Ashley Clarke

Ashley Clarke is an experienced journalist, critic and curator. He is the curatorial director of the Criterion Collection, and previously served as the director of film programming at the Brooklyn Academy of Music (BAM). His writing has appeared in The New York Times, Vulture, 4Columns, The Guardian, Sight & Sound, and Reverse Shot. He is the author of Facing Blackness: Media and Minstrelsy in Spike Lee’s Bamboozled (2015). He has also written and spoken extensively about films and the history of film, broadcasting and television. He is a frequent guest on radio and TV shows, and has moderated panels and Q&As at BAM, MoMA, and other venues.

He has contributed essays to several book publications, and he has presented on film at universities including NYU, Columbia, Brown, University of Sussex, and the British Film Institute. He has curated numerous film seasons and events, most recently the retrospective Black Star: The Cinema of Spike Lee (BFI Southbank, Oct-Dec 2016) and the film series Behind the Mask: Bamboozled in Focus at BAM in 2020. He has also written liner notes for the Blu-ray editions of Lee’s Do The Right Thing and Bamboozled.
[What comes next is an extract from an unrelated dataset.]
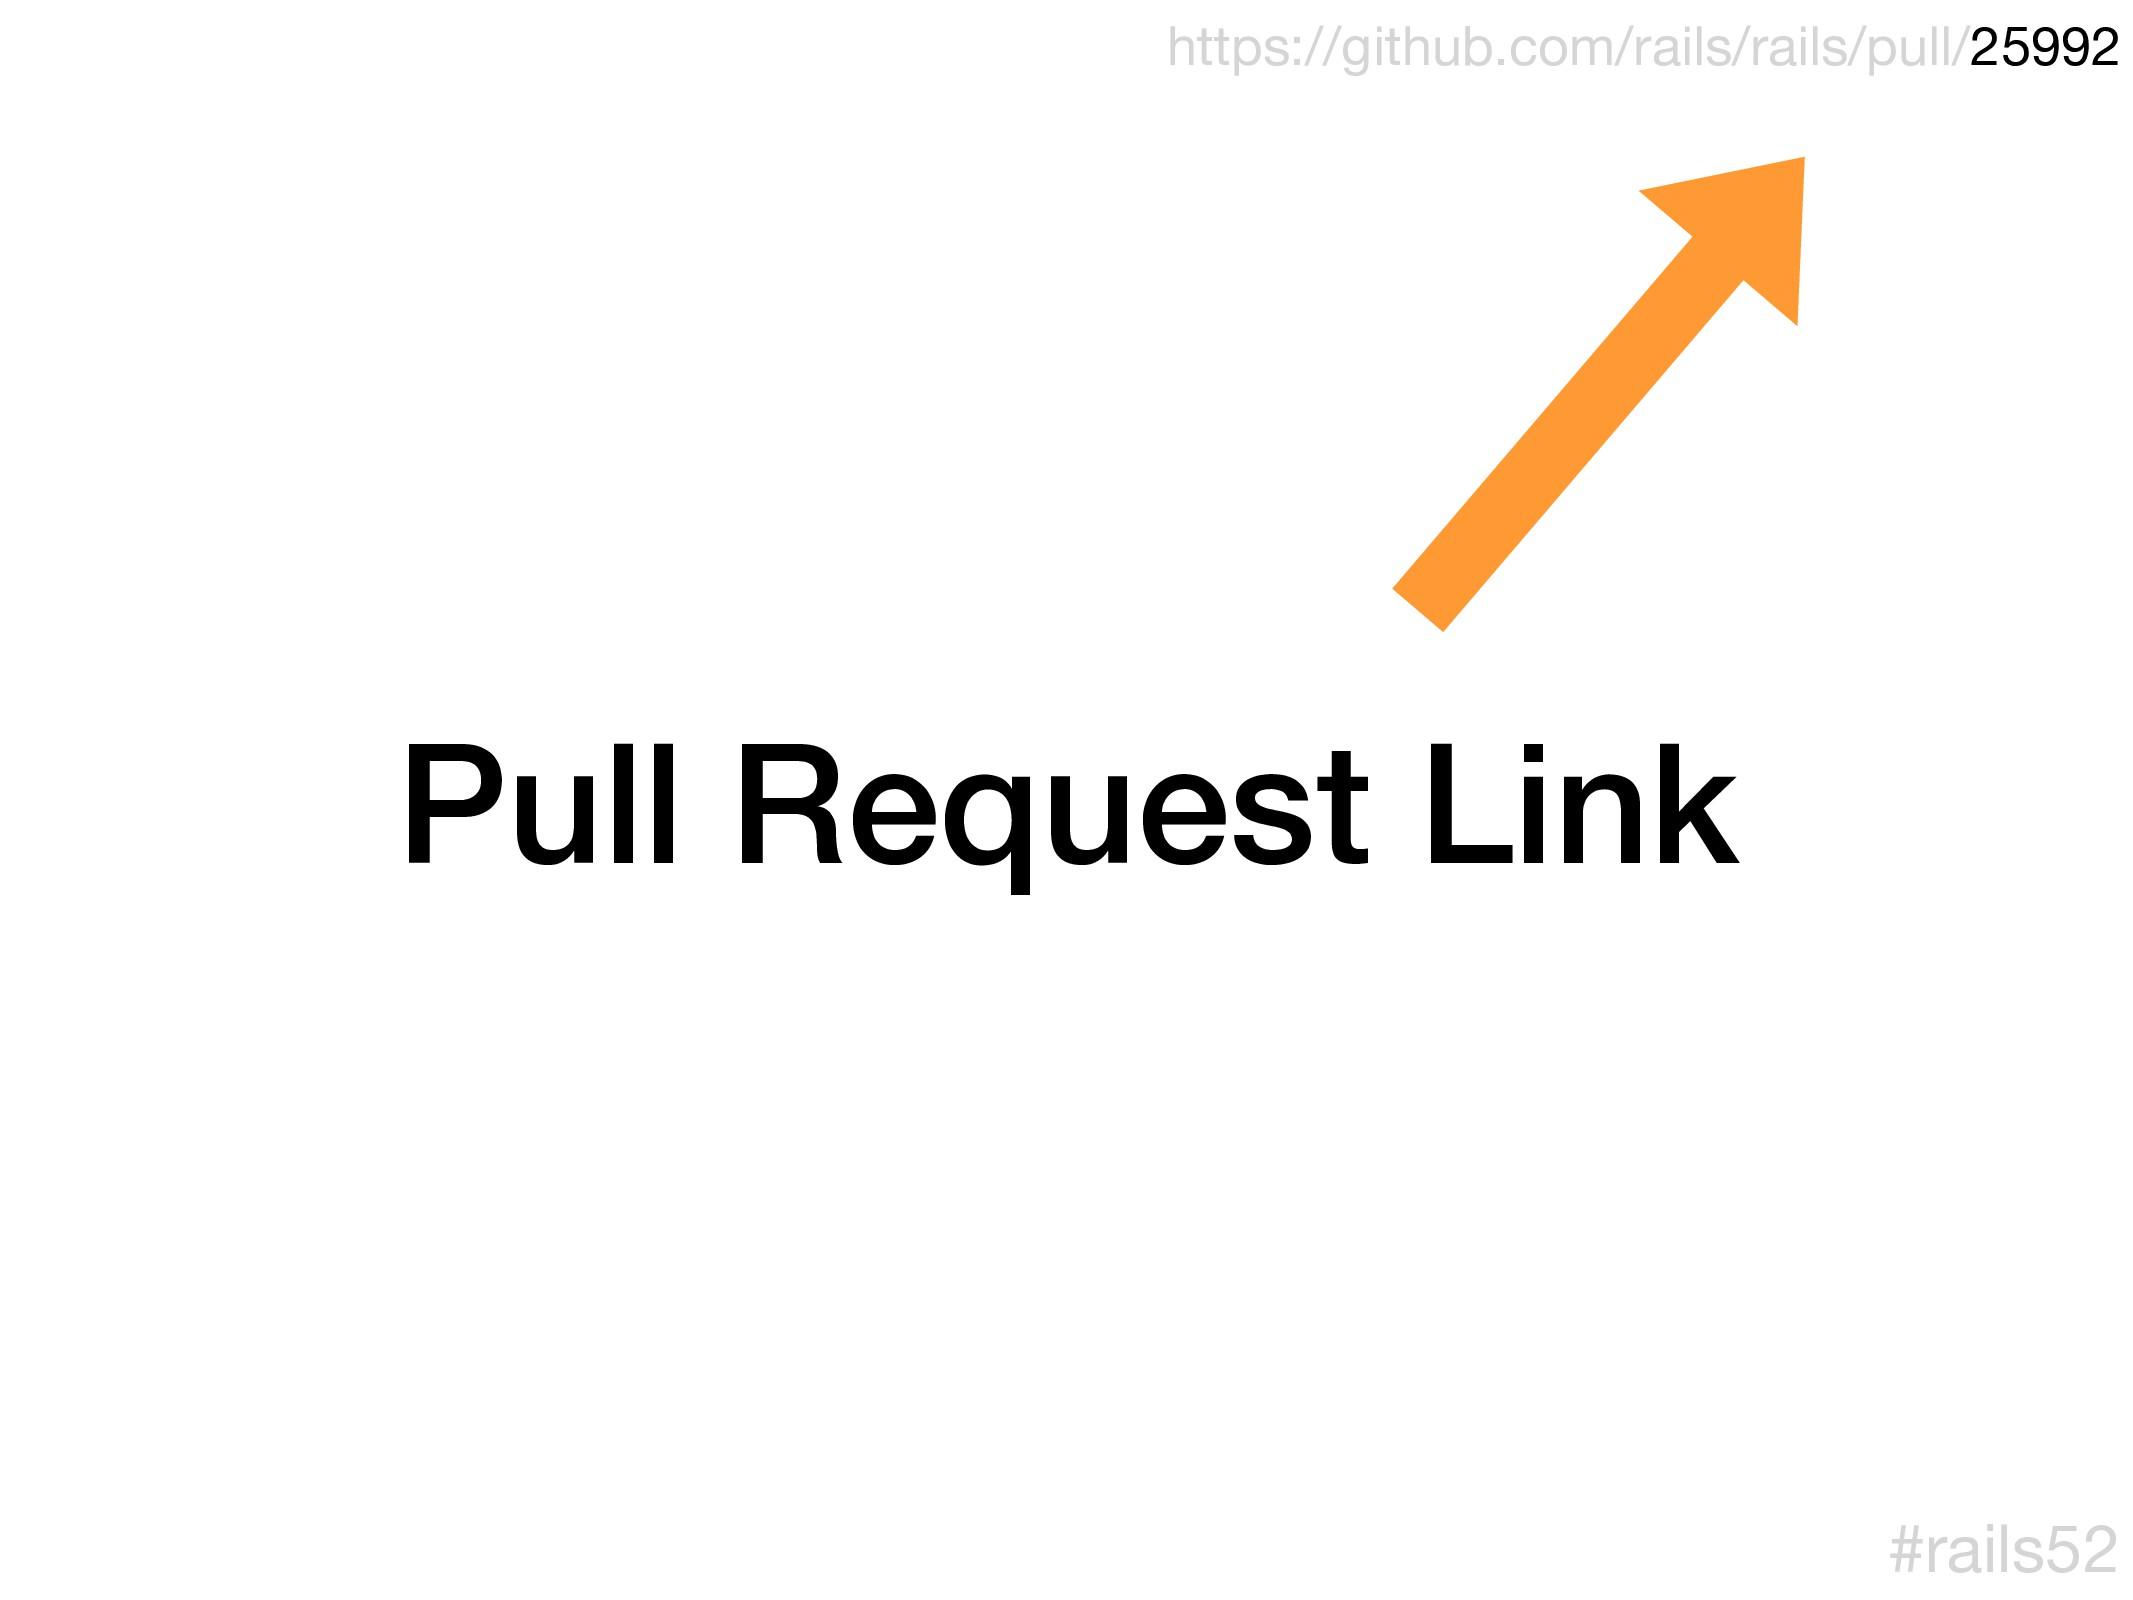 Pull Request Link https://github.com/rails/rail...

Ashley was born by the seaside in Grimsby, England and moved to London in 2005, where he continues to work as a freelance writer, editor and film programmer. In addition to his film work, he has written about fashion and feminism for The Independent and Ponystep Magazine and is currently learning Japanese.

After his debut as a member of the band Sons of Sylvia in 2010, Ashley Clarke seemed like a promising up-and-coming country newcomer when their first album hit 33 on the Billboard charts and they were Carrie Underwood’s opening act. But it was the success of the single “Greyhound” that propelled him into the spotlight and made him a country superstar.